E-code: Mastering Efficient Code Generation through Pretrained Models and Expert Encoder Group

• URL: http://arxiv.org/abs/2408.12948v1
• Date: Fri, 23 Aug 2024 09:57:37 GMT
• Title: E-code: Mastering Efficient Code Generation through Pretrained Models and Expert Encoder Group
• Authors: Yue Pan, Chen Lyu, Zhenyu Yang, Lantian Li, Qi Liu, Xiuting Shao,
• Abstract summary: This study aims to address the research gap in this domain, offering practical solutions to the various challenges encountered. Specifically, we have overcome the constraints of traditional performance error rectification strategies and developed a Language Model (LM) tailored for the competitive code efficiency optimization realm.
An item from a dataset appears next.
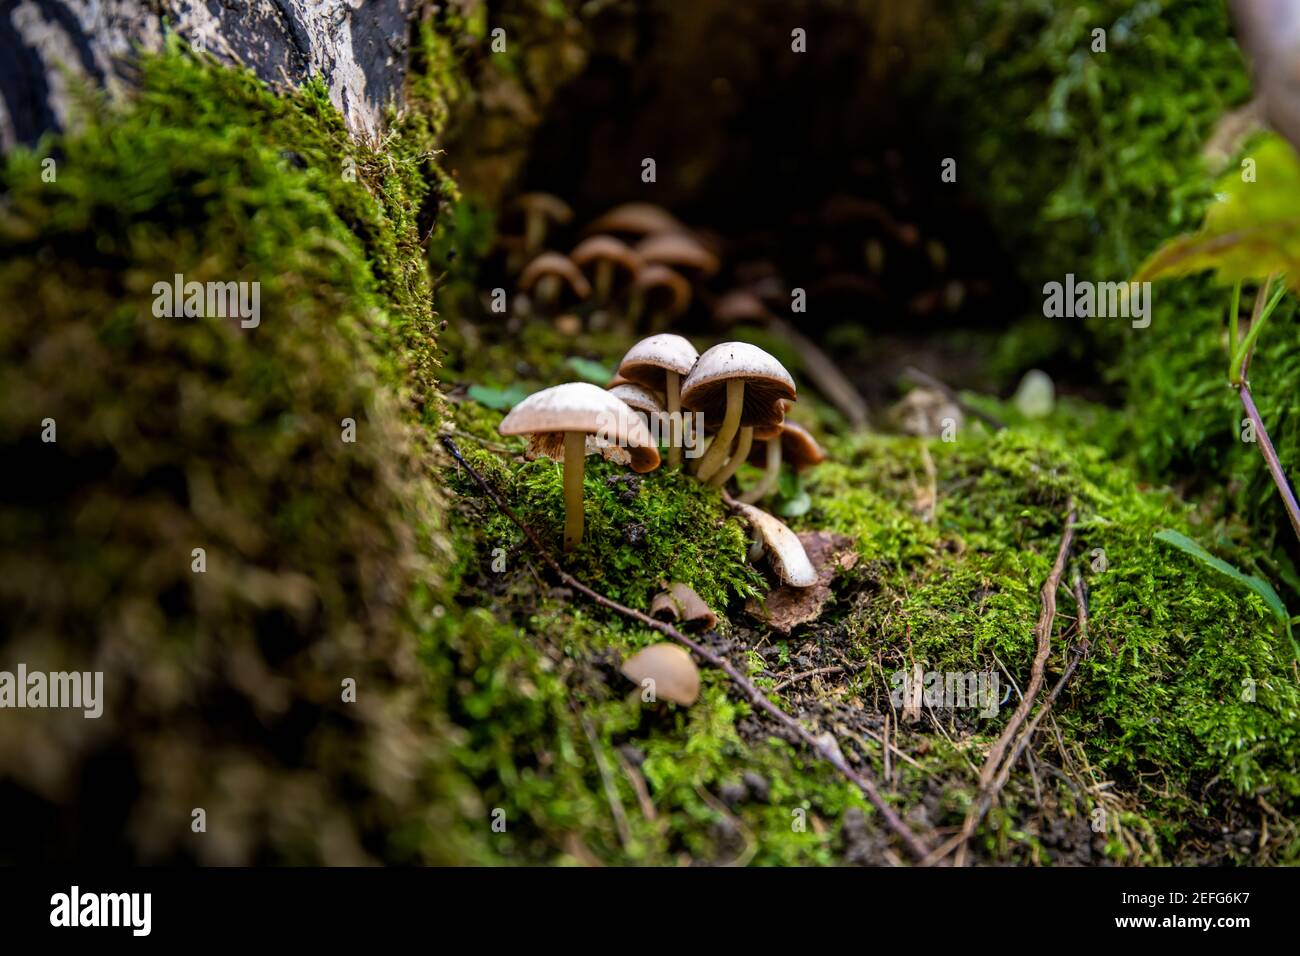 Tephrocybe inolens mushroom or fungus - 'Geruchloses Graublatt' - inedible mushroom growing in wood trunk root cave Stock Photo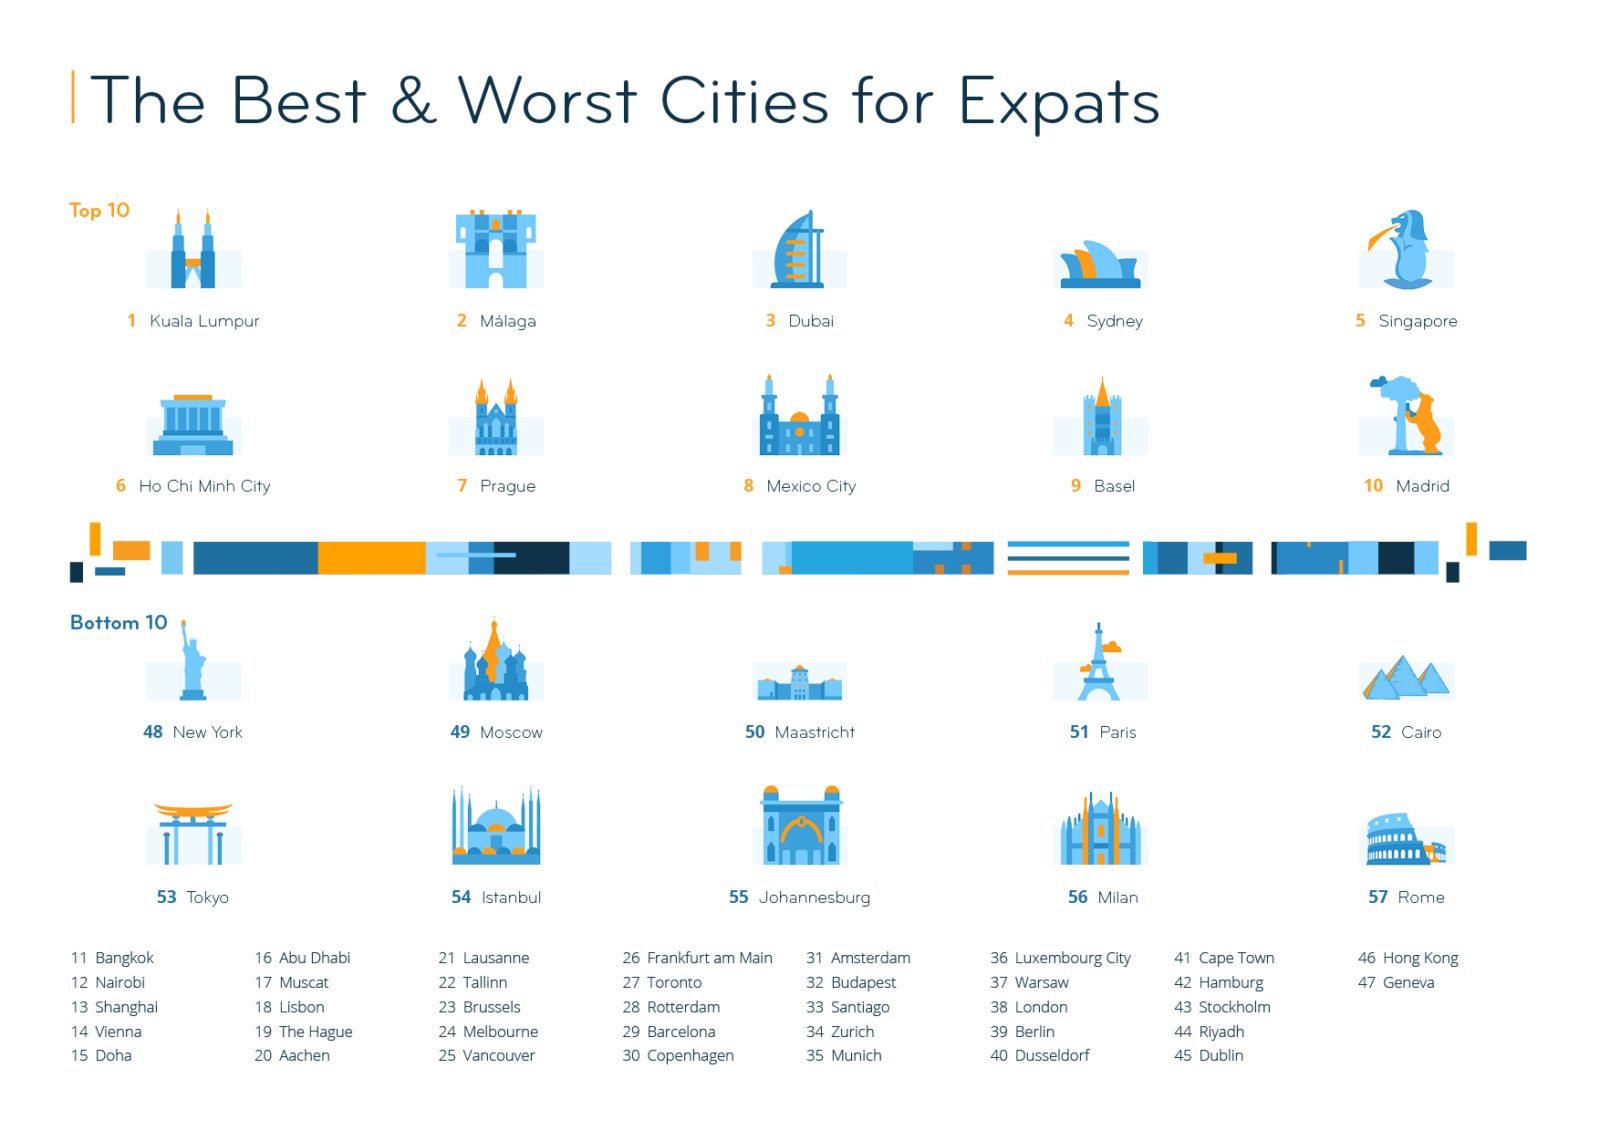 Бангкок занял четвёртое место в рейтинге лучших городов для экспатов в ЮВА

• Score: 16.86051578498044
• License: http://arxiv.org/licenses/nonexclusive-distrib/1.0/
• Abstract: Context: With the waning of Moore's Law, the software industry is placing increasing importance on finding alternative solutions for continuous performance enhancement. The significance and research results of software performance optimization have been on the rise in recent years, especially with the advancement propelled by Large Language Models(LLMs). However, traditional strategies for rectifying performance flaws have shown significant limitations at the competitive code efficiency optimization level, and research on this topic is surprisingly scarce. Objective: This study aims to address the research gap in this domain, offering practical solutions to the various challenges encountered. Specifically, we have overcome the constraints of traditional performance error rectification strategies and developed a Language Model (LM) tailored for the competitive code efficiency optimization realm. Method: We introduced E-code, an advanced program synthesis LM. Inspired by the recent success of expert LMs, we designed an innovative structure called the Expert Encoder Group. This structure employs multiple expert encoders to extract features tailored for different input types. We assessed the performance of E-code against other leading models on a competitive dataset and conducted in-depth ablation experiments. Results: Upon systematic evaluation, E-code achieved a 54.98% improvement in code efficiency, significantly outperforming other advanced models. In the ablation experiments, we further validated the significance of the expert encoder group and other components within E-code. Conclusion: The research findings indicate that the expert encoder group can effectively handle various inputs in efficiency optimization tasks, significantly enhancing the model's performance.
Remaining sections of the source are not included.